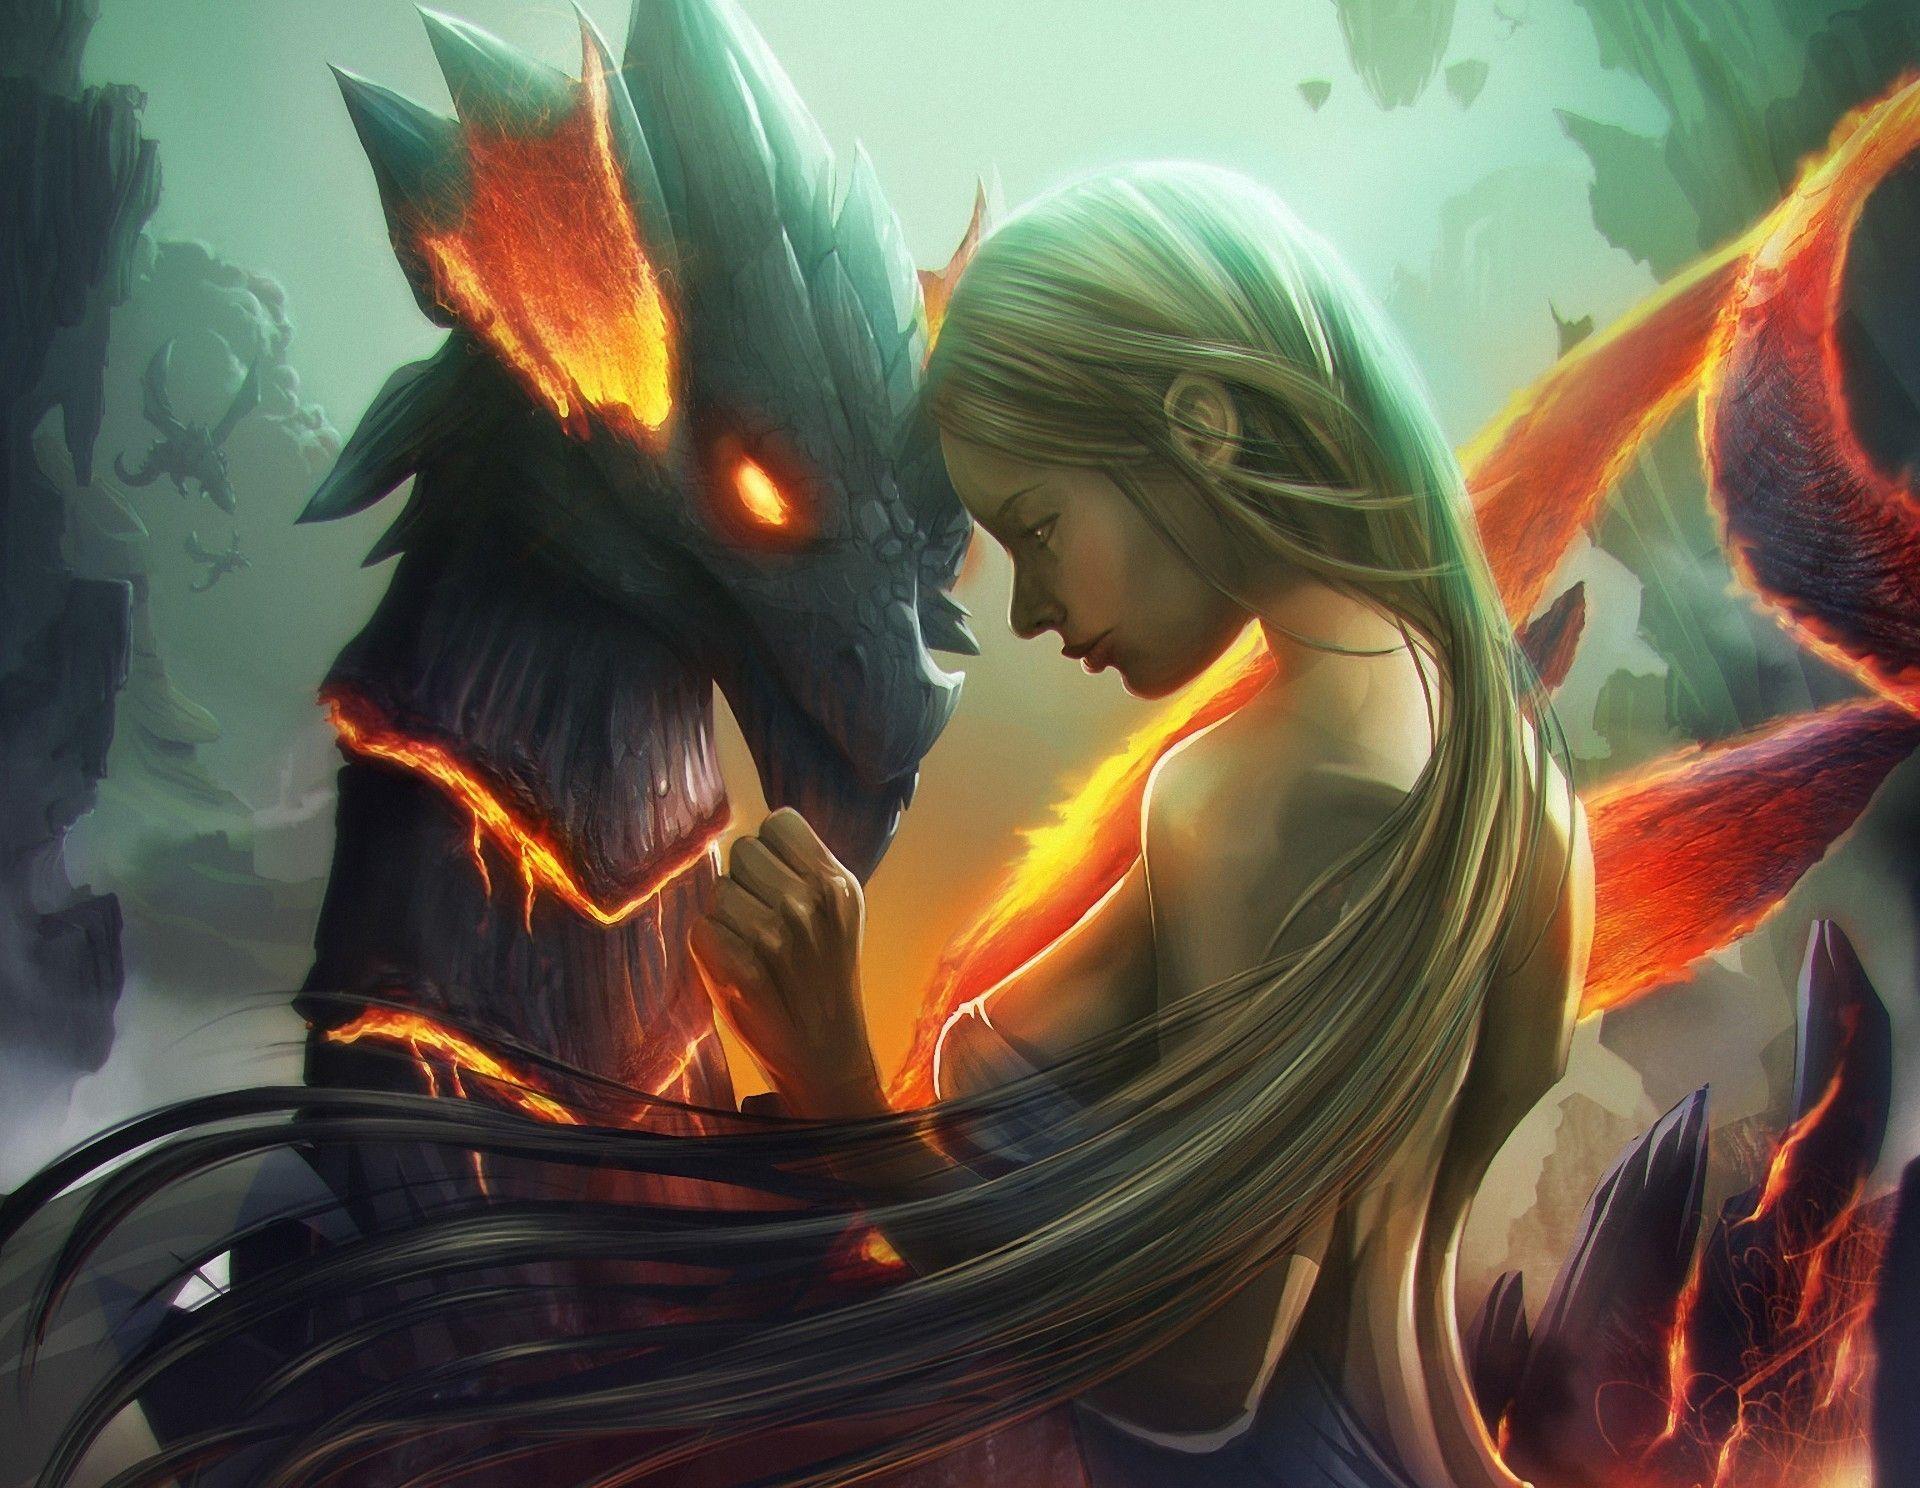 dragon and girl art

——

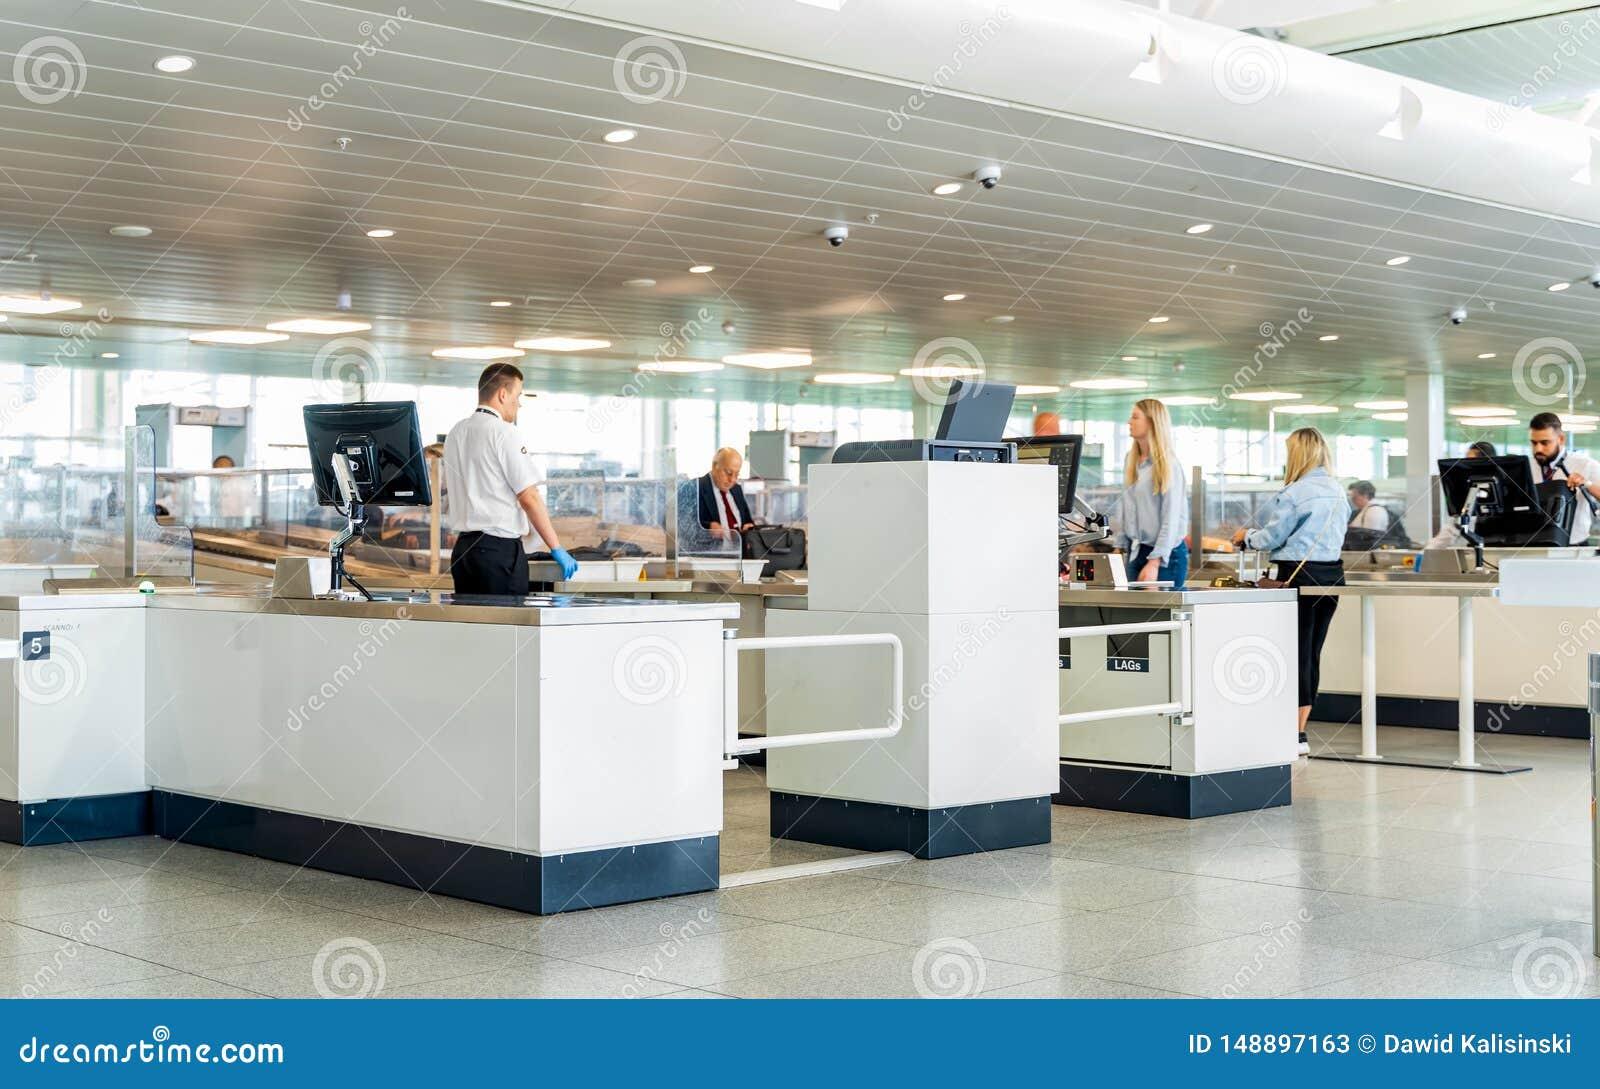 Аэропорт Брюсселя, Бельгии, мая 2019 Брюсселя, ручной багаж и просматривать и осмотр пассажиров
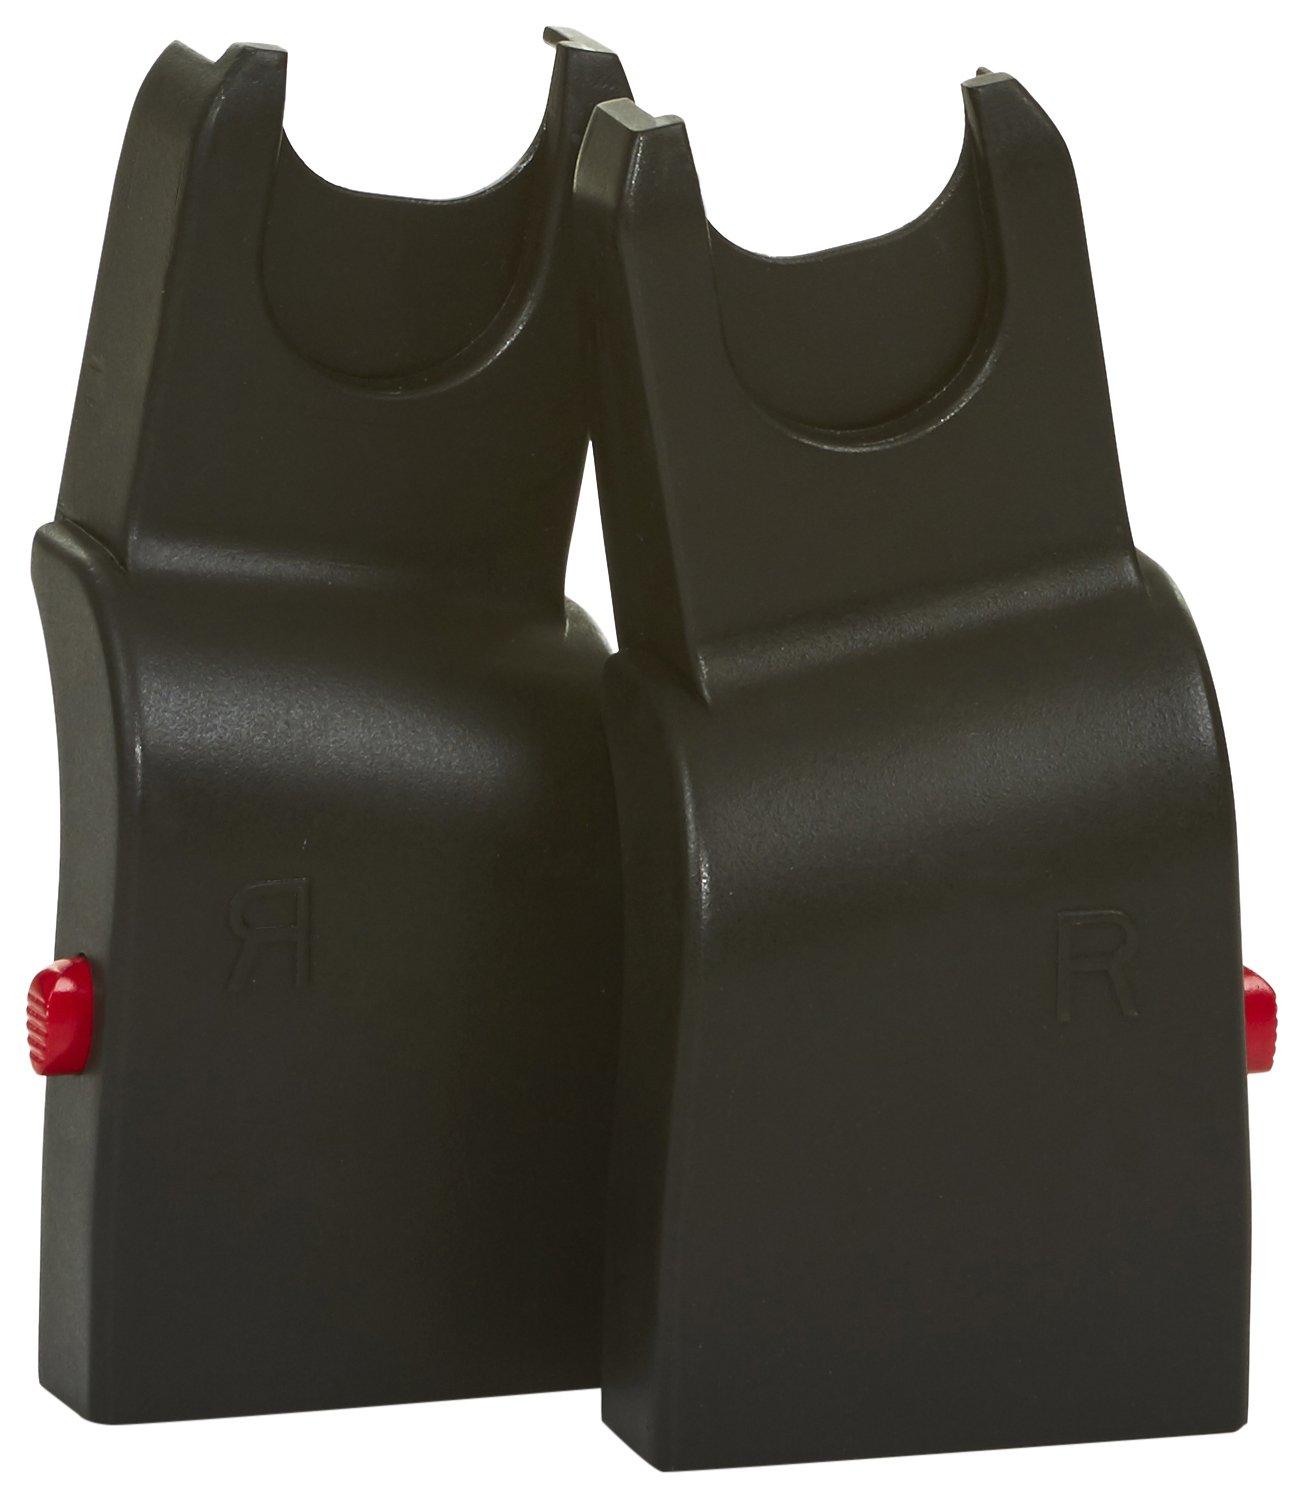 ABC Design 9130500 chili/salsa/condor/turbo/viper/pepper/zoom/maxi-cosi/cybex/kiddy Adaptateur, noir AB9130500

——

### Task objective
Every line above in the stretch from the one with "Аэропорт Брюсселя, Бельгии, мая" through the one with "ABC Design 9130500" is to be transcribed exactly, ends included. No picture is copied.

### Written answer
 Аэропорт Брюсселя, Бельгии, мая 2019 Брюсселя, ручной багаж и просматривать и осмотр пассажиров
 ABC Design 9130500 chili/salsa/condor/turbo/viper/pepper/zoom/maxi-cosi/cybex/kiddy Adaptateur, noir AB9130500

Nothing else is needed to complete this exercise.